(Task to carry out):
The whole listing is to be restated word for word with no images.

(Data provided):
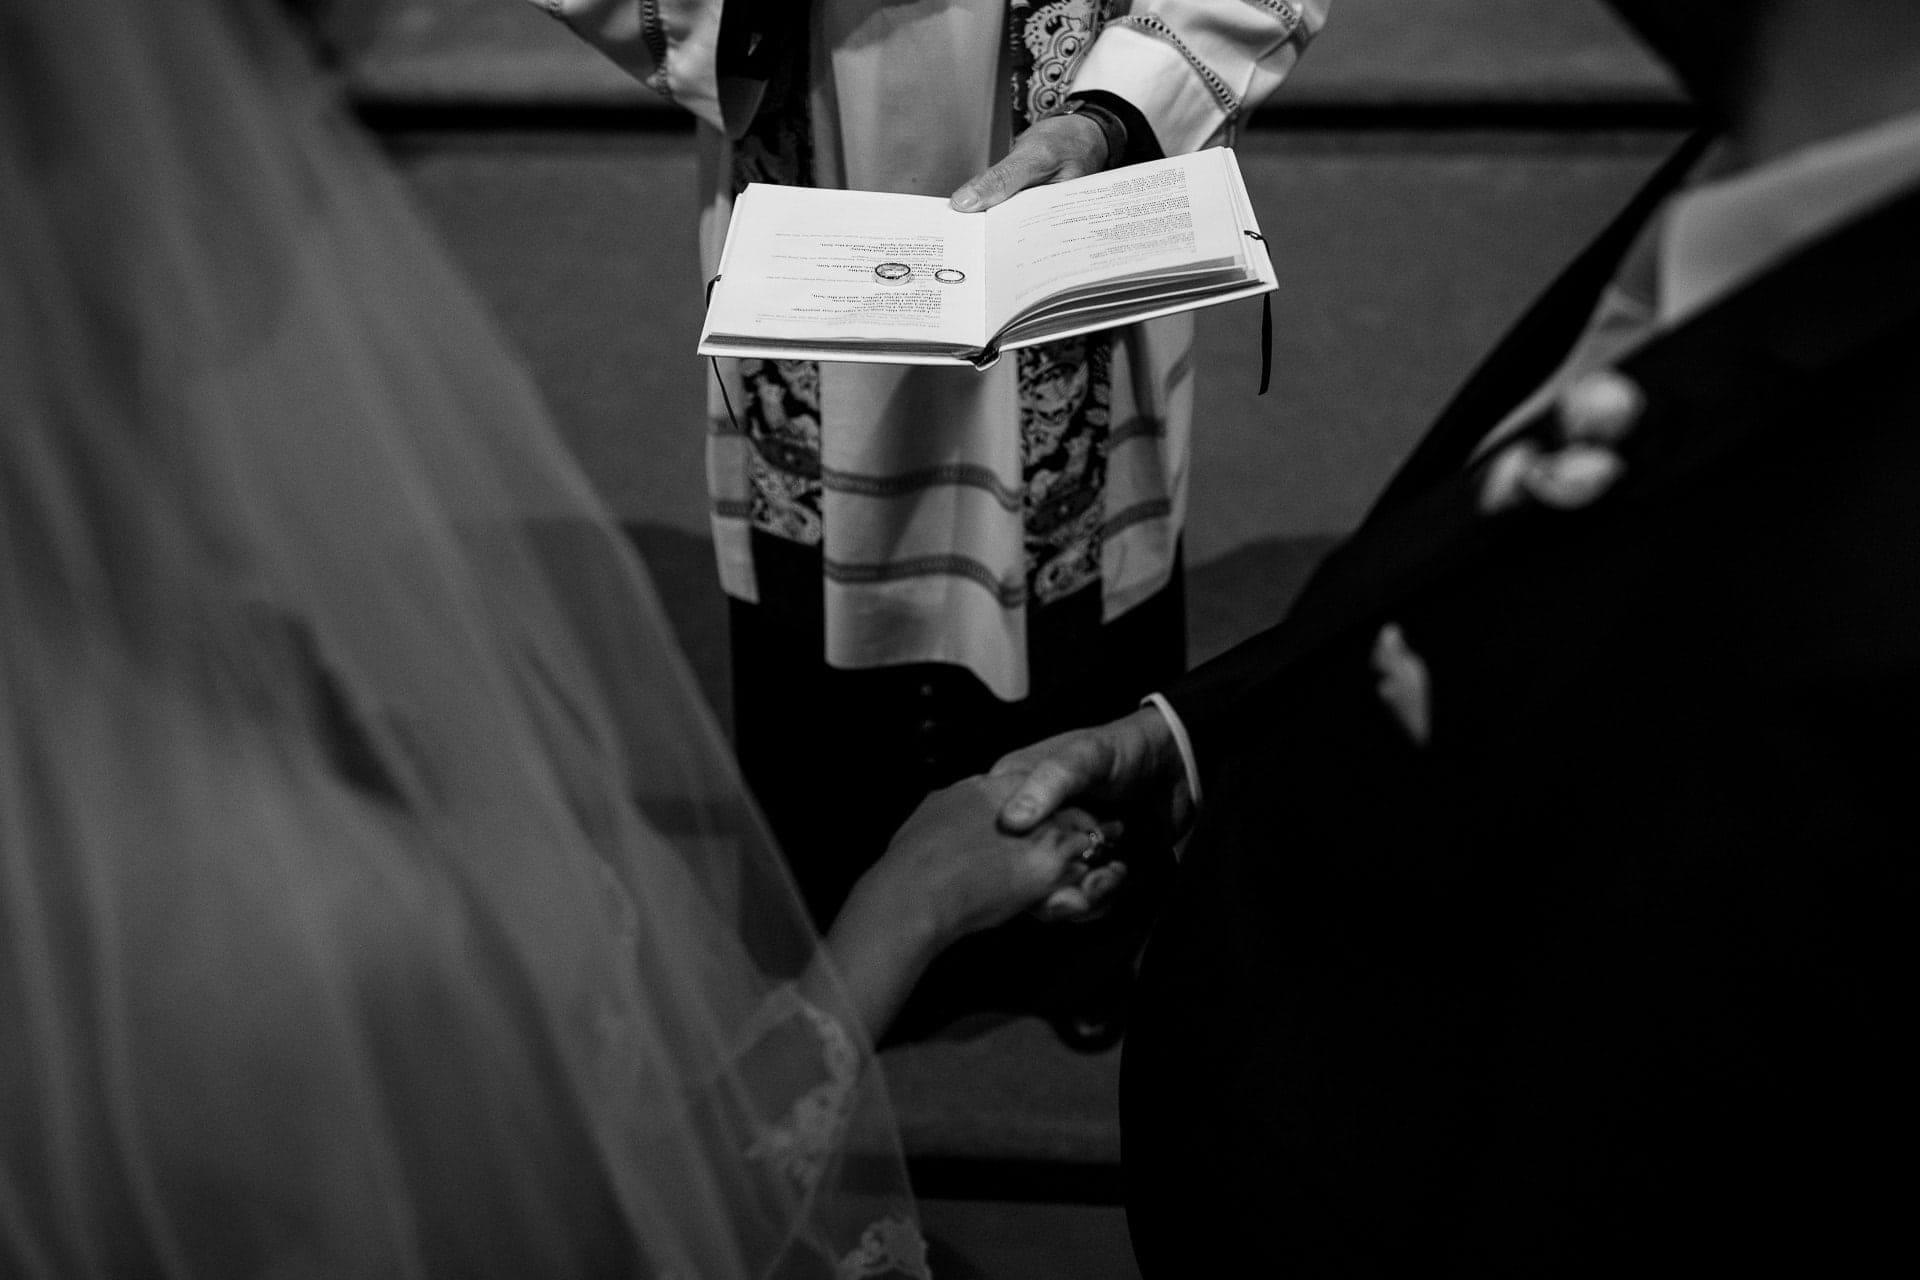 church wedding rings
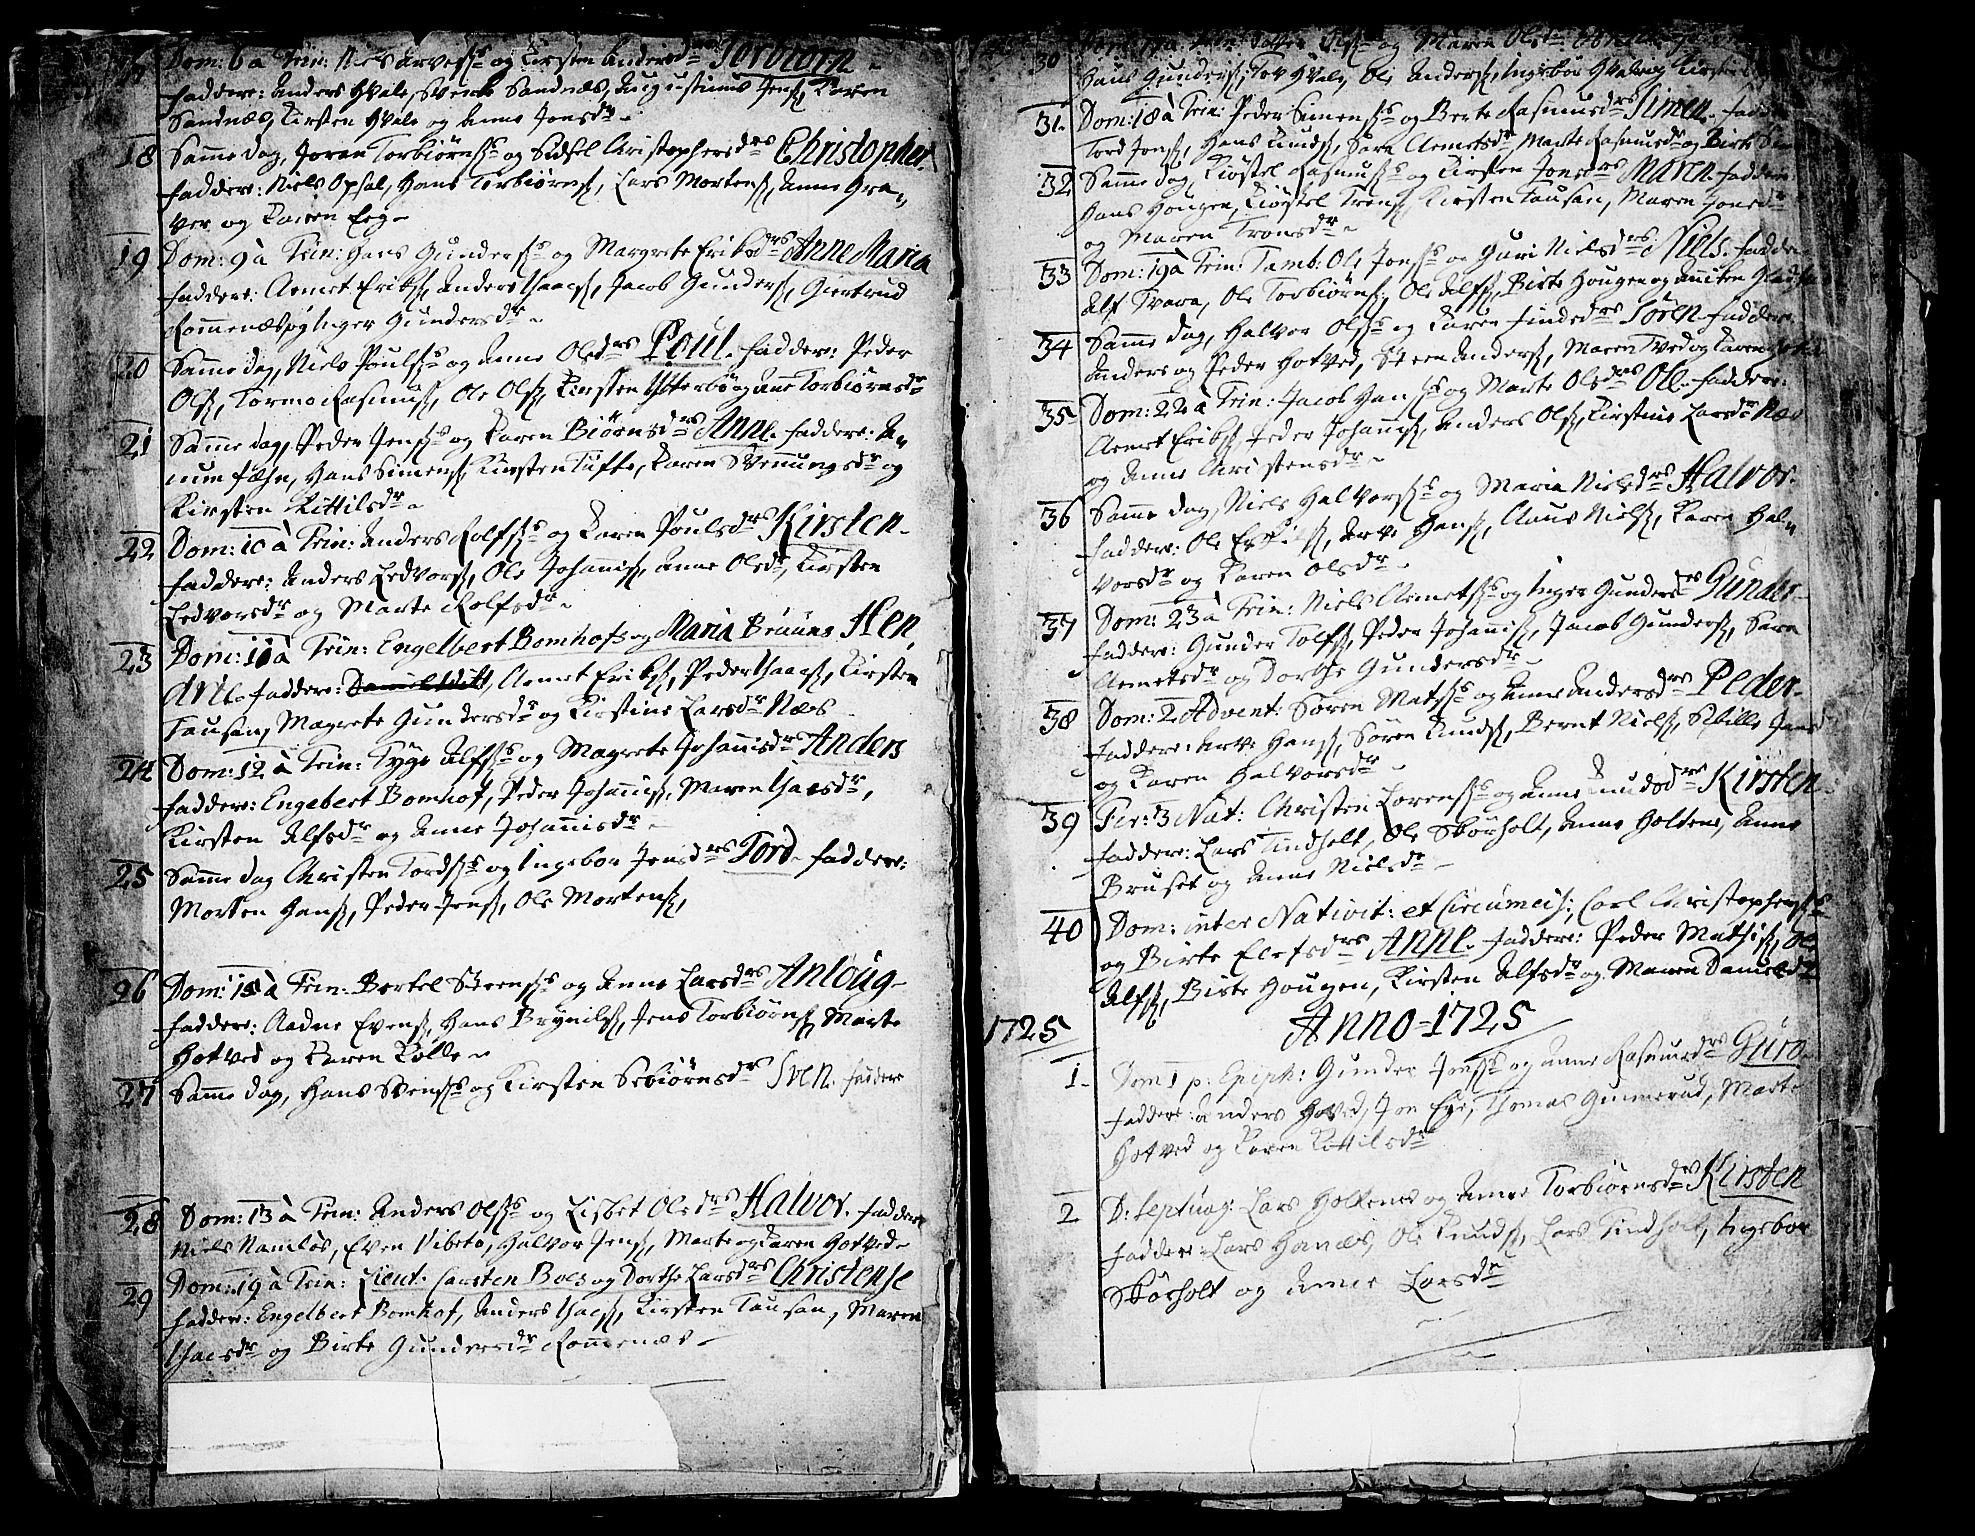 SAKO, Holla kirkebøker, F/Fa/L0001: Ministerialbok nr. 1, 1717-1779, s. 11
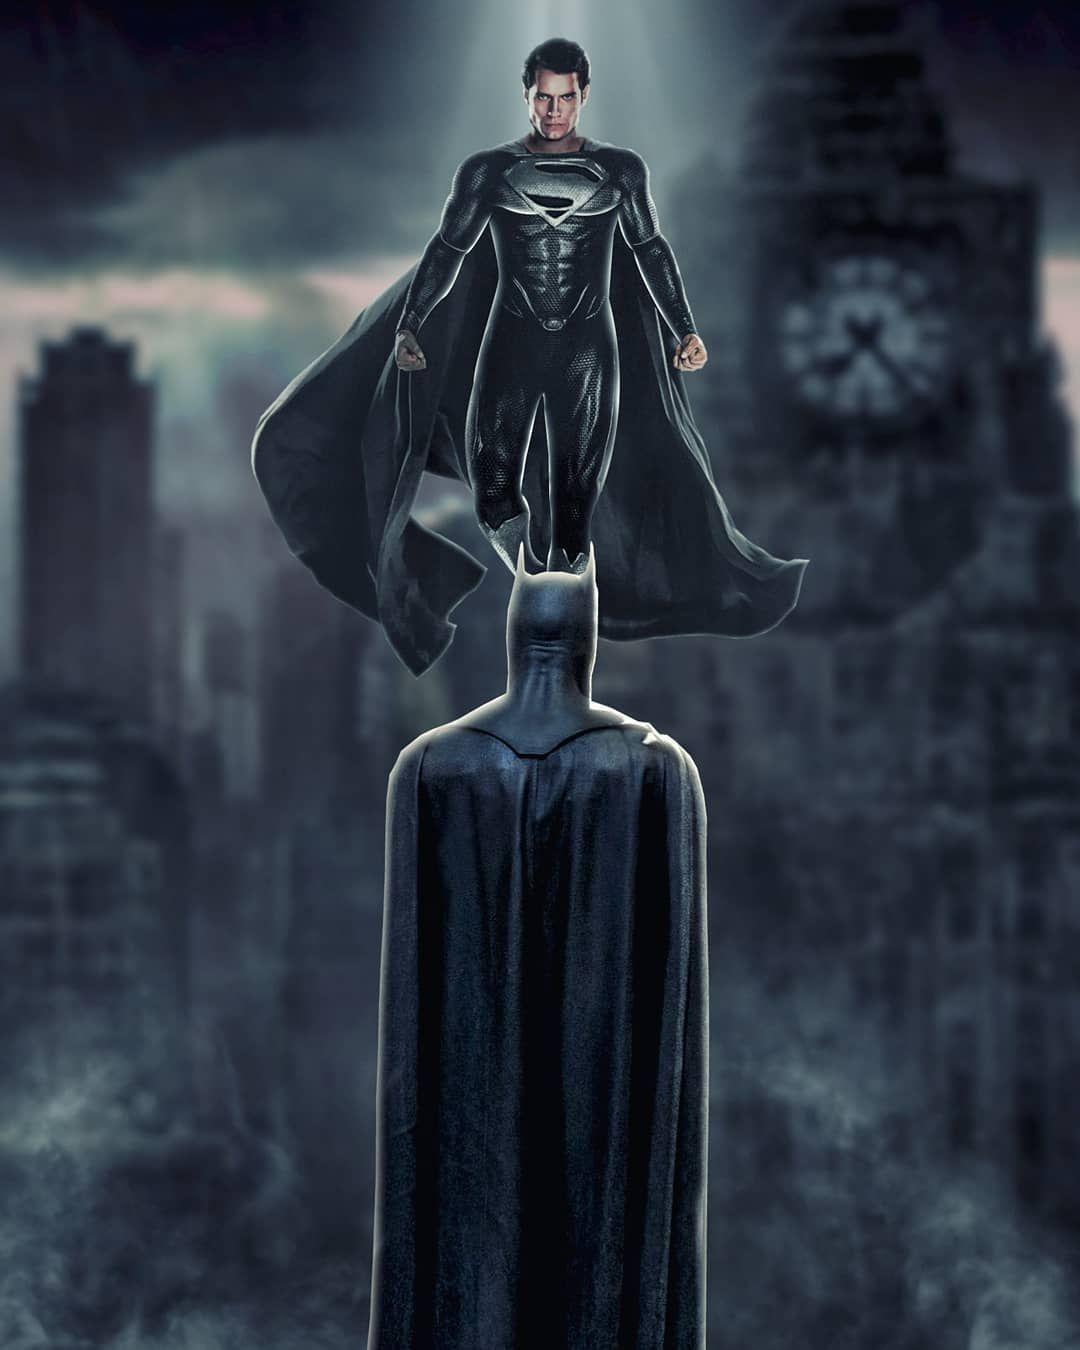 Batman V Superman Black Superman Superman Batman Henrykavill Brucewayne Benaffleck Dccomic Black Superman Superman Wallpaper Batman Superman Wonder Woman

(Response):
 church wedding rings
 SAKO, Holla kirkebøker, F/Fa/L0001: Ministerialbok nr. 1, 1717-1779, s. 11
 Batman V Superman Black Superman Superman Batman Henrykavill Brucewayne Benaffleck Dccomic Black Superman Superman Wallpaper Batman Superman Wonder Woman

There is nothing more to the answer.